SIMULAÇÃO BASEADA EM AGENTES E INTELIGÊNCIA ARTIFICIAL NA MODELAGEM DA PERCEPÇÃO DE RISCO DE USUÁRIOS VULNERÁVEIS (VRUS) EM INTERSEÇÕES URBANAS
Simulação Baseada em Agentes; Segurança Viária; Interseções Urbanas; Usuários Vulneráveis; Percepção de Risco; Inteligência Artificial
Esta tese propõe o desenvolvimento e a aplicação de um modelo computacional orientado à análise da segurança viária de pedestres e ciclistas em interseções urbanas, fundamentado na Simulação Baseada em Agentes (SBA) e integrado a técnicas de Inteligência Artificial (IA) e aprendizado de máquina.
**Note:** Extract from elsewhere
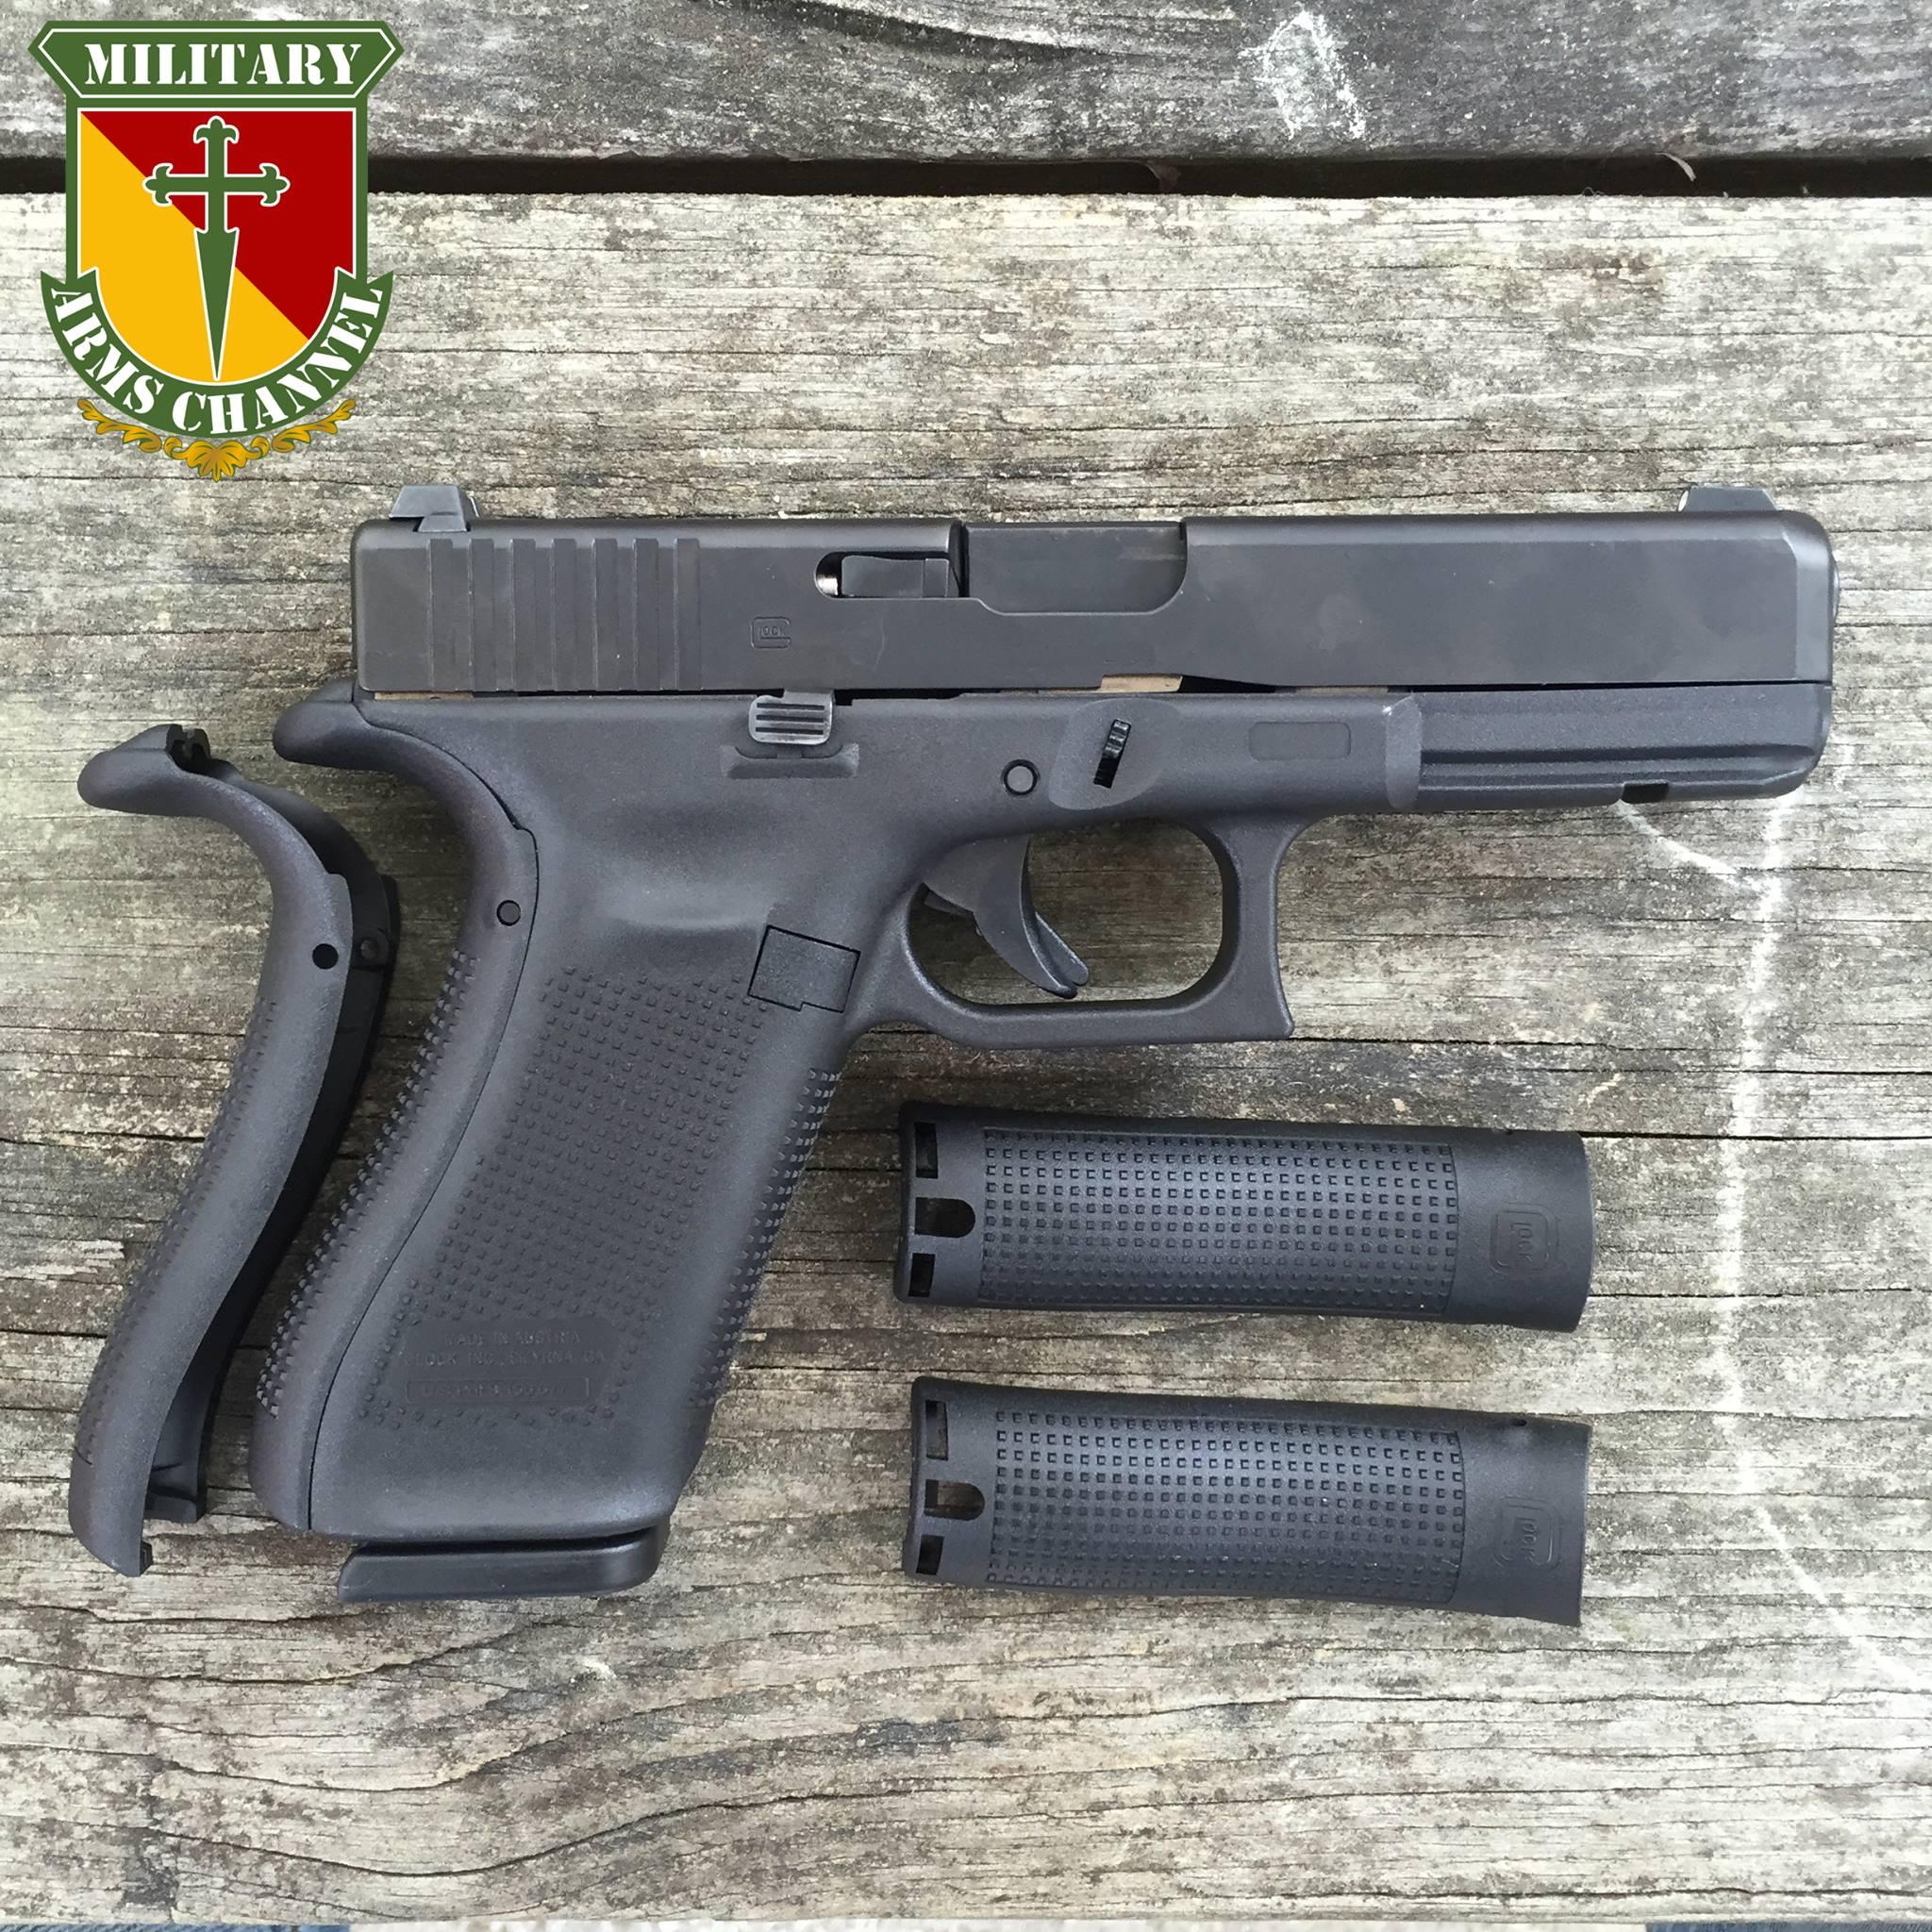 glock 17 M mmac

O estudo parte da premissa de que a segurança de Usuários Vulneráveis das Vias Urbanas (VRUs) não pode ser adequadamente avaliada apenas por métricas operacionais ou por registros históricos de sinistros, exigindo a incorporação explícita de aspectos comportamentais e de percepção de risco nos modelos de simulação. A metodologia contempla a caracterização empírica de cenários de conflito em interseções urbanas do município de Itajubá–MG, com base em dados coletados por meio de filmagens, contagens direcionais e aplicação de questionário estruturado voltado à percepção de segurança. A partir desses dados, são inferidos padrões decisórios de pedestres e ciclistas por meio de modelos supervisionados de aprendizado de máquina, os quais subsidiam a parametrização comportamental dos agentes no ambiente de simulação. O modelo proposto integra indicadores proativos de segurança, especialmente medidas substitutas baseadas em conflitos, como Time-to-Collision (TTC) e Post-Encroachment Time (PET), não apenas como métricas de saída, mas como variáveis associadas aos mecanismos internos de decisão dos agentes simulados. Essa abordagem permite representar de forma mais realista a dinâmica de interação entre VRUs e veículos motorizados, possibilitando a avaliação comparativa de cenários atuais e alternativos de intervenção viária. Espera-se que os resultados contribuam para o avanço metodológico na modelagem comportamental aplicada à segurança viária urbana, ao integrar variáveis operacionais, indicadores de risco e mecanismos decisórios em um mesmo arcabouço computacional. De forma mais ampla, a pesquisa busca oferecer suporte técnico e científico à formulação de políticas públicas voltadas à mobilidade urbana sustentável, à priorização de usuários vulneráveis e à redução de conflitos em interseções urbanas.